The former, as you would expect, is essentially the absence of war or violence – and hence not that hard to assess. The latter seeks to measure peace by the presence of “structures and institutions that create and maintain peace”. At one level that is easy. At another, I suspect it is profoundly misleading – not least because peace is far more complex than we might wish to assume, and certainly far more than a head-count of peace structures would indicate.

And this exemplifies my irritation – the tendency of those in the mediation (or wider peace-making) field to quote in support of what we have to offer a bewildering array of often meaningless statistics, concerning costs savings, savings in court budgets, savings in parties’ time, improvements in satisfaction levels, and so on. Leaving aside how accurate some of these figures can really be, we seem to operate on the assumption that anyone seeing these compelling statistics would at once see the error of their ways in having chosen some other approach (the courts for example), and swiftly opt for mediation, complete with happy ending. Not only does this simplistic analysis call into question our capacity properly to engage with conflict in all its myriad nuances, it should rightly offend those caught up in conflict. Conflict, and hence peace, are profoundly subtle and complex realities, as much the subject of moral principle, Darwinian flight or fight instincts, fear, hopelessness and sheer bloody-mindedness, as any rational analysis. The promotion of mediation would benefit from a willingness to acknowledge this complexity, and hence our own humble contribution to its resolution.

Of course, there are plenty of success stories that emanate from the mediation field, and rightly so. These fire-side stories are a valued part of our culture as mediators, and we exchange them to encourage each other, and no doubt to blow the odd personal trumpet. “Did I tell you about the mediation when…”. But we should not thereby be duped into believing that these happy endings (and there are some) describe the totality.
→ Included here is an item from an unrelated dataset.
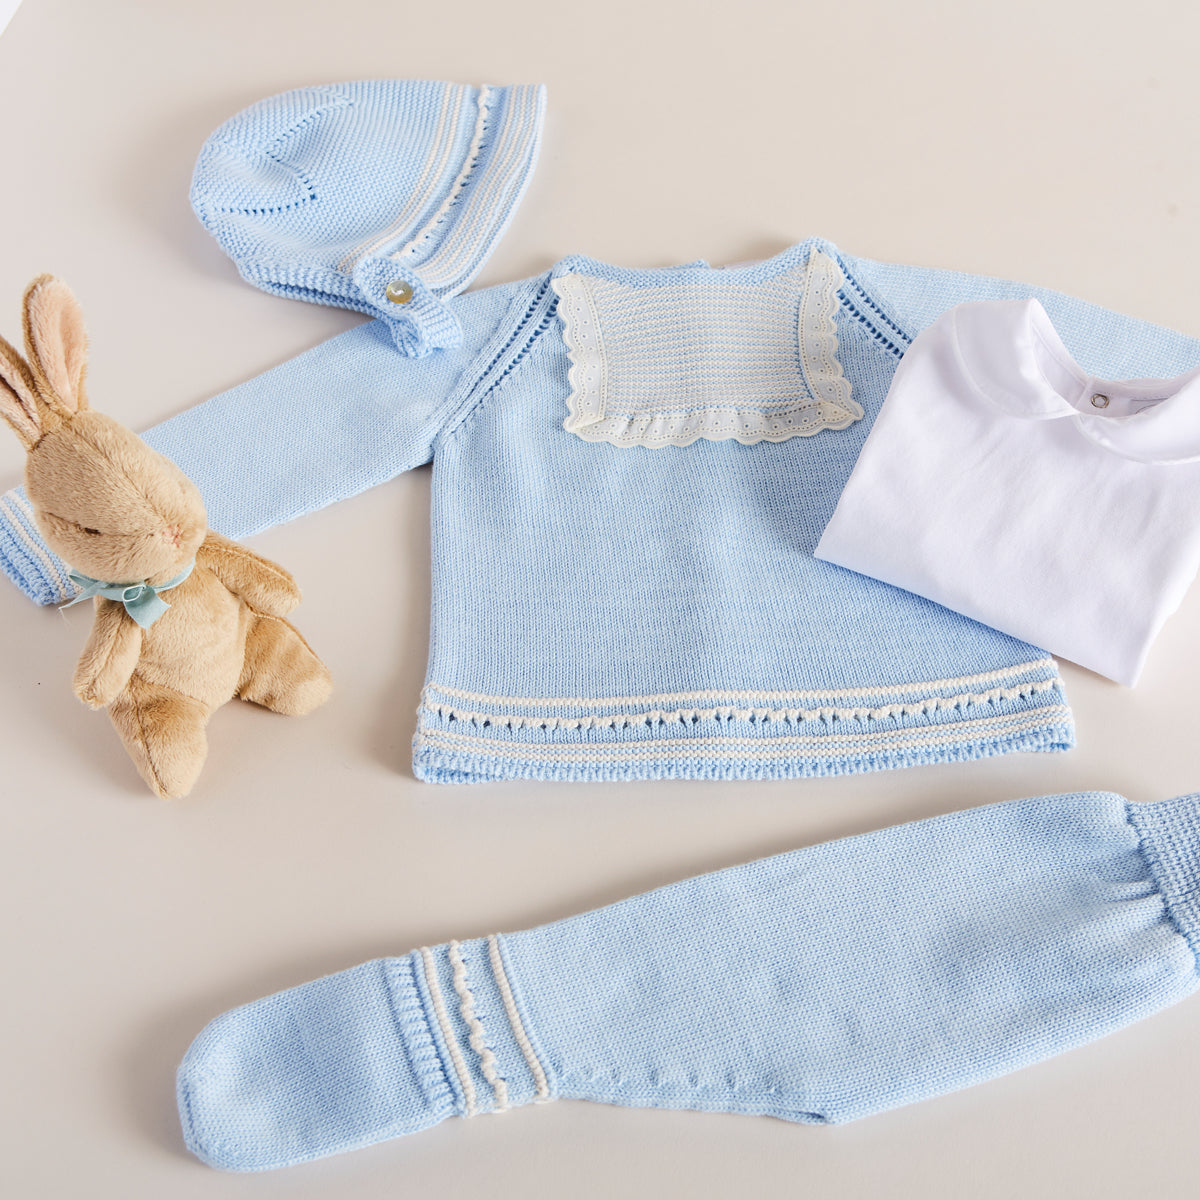 Delicate Blue Knitted Cotton Set with Lace Detail Knitwear  from Pepa London

And yet I also confess to finding some inspiration in the article. It briefly articulated the benefits of peace to business – what we usually call “the peace dividend”, and cited the following passage from the Global Peace Index:

“If the world had been 25% more peaceful over the past year the global economy would have reaped an additional economic benefit of just over US$2 trillion. This amount would pay for the 2% of global GDP per annum investment estimated by the Stern Review to avoid the worst effects of climate change, cover the cost of achieving the Millennium Development Goals, eliminate the public debt of Greece, Portugal and Ireland, and address the one-off rebuilding costs of the most expensive natural disaster in history – the 2011 Japanese earthquake and tsunami”.
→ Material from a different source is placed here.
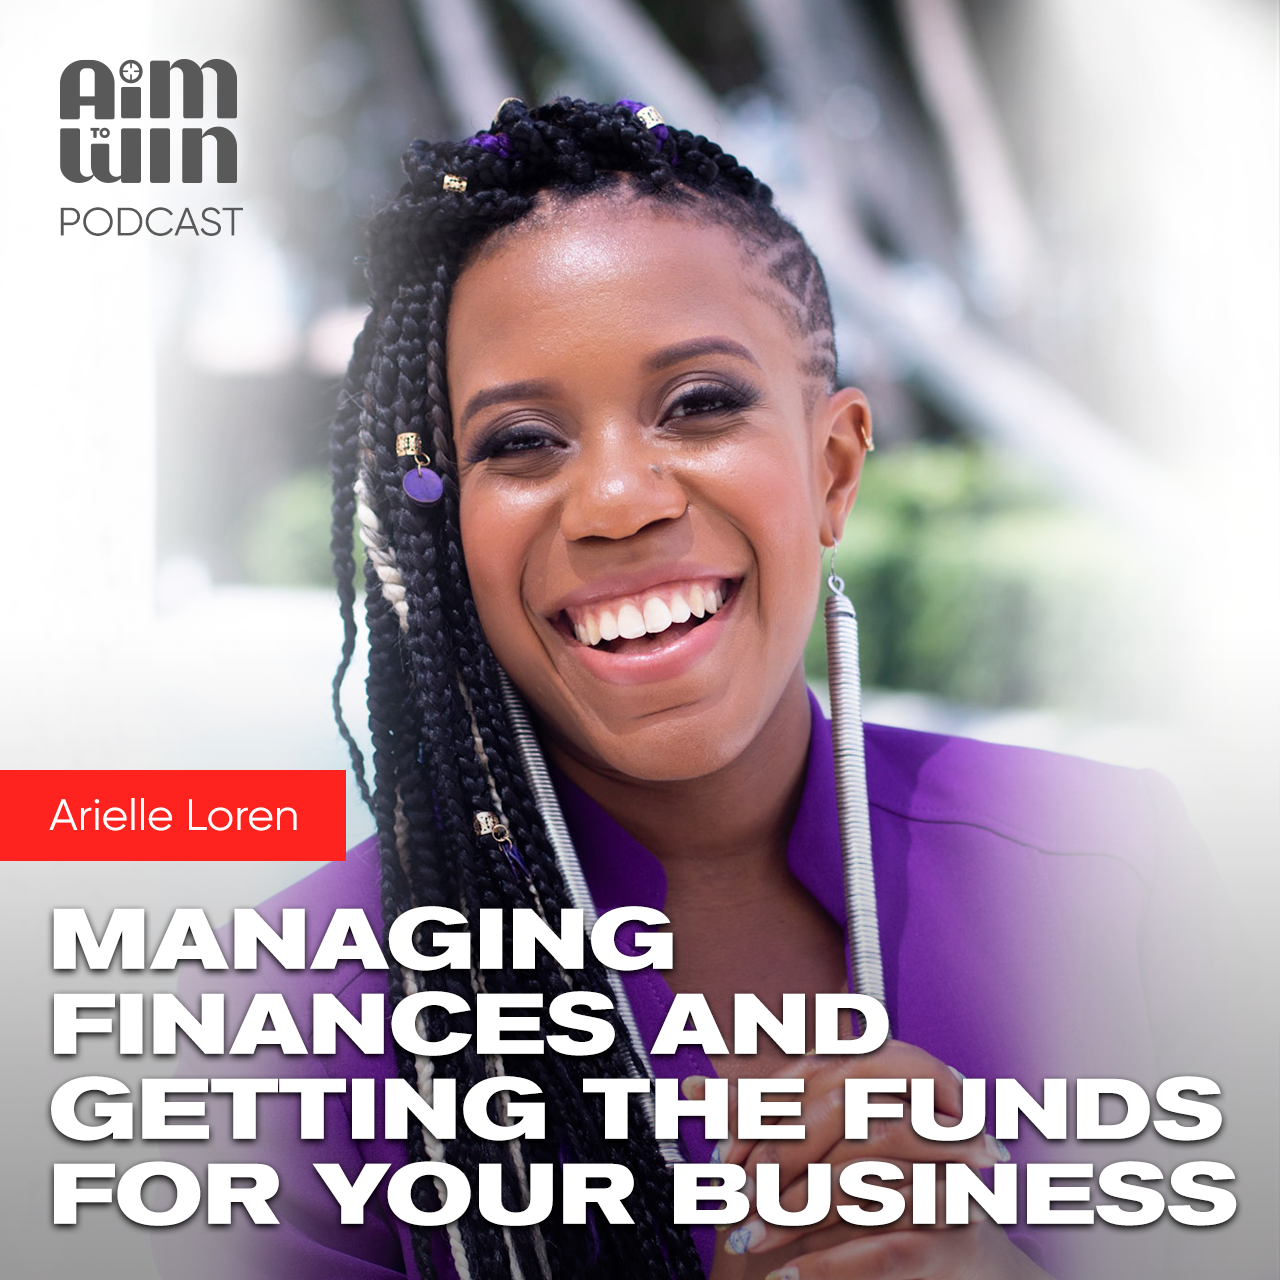 Managing Finances and Getting the Funds for Your Business with Arielle Loren

That, of course, is one of those statistics which I have just berated (see above!), and on any view must be almost impossible to calculate with any kind of certainty. But such is the nature of the statistic that even if it is overstated by several hundred percentage points, it still manages to convey the significance of what mediators, and everyone who works for peace, are engaged in. Whatever the numbers involved, the moral significance of making peace is clear.

Might I suggest that if we take seriously the inherent value of what we do, we will not feel obligated to search for happy-ever-after statistics to demonstrate its value or persuade others to buy it, and will be content to immerse ourselves in the confused, messy, convoluted and utterly real conflicts in which we serve.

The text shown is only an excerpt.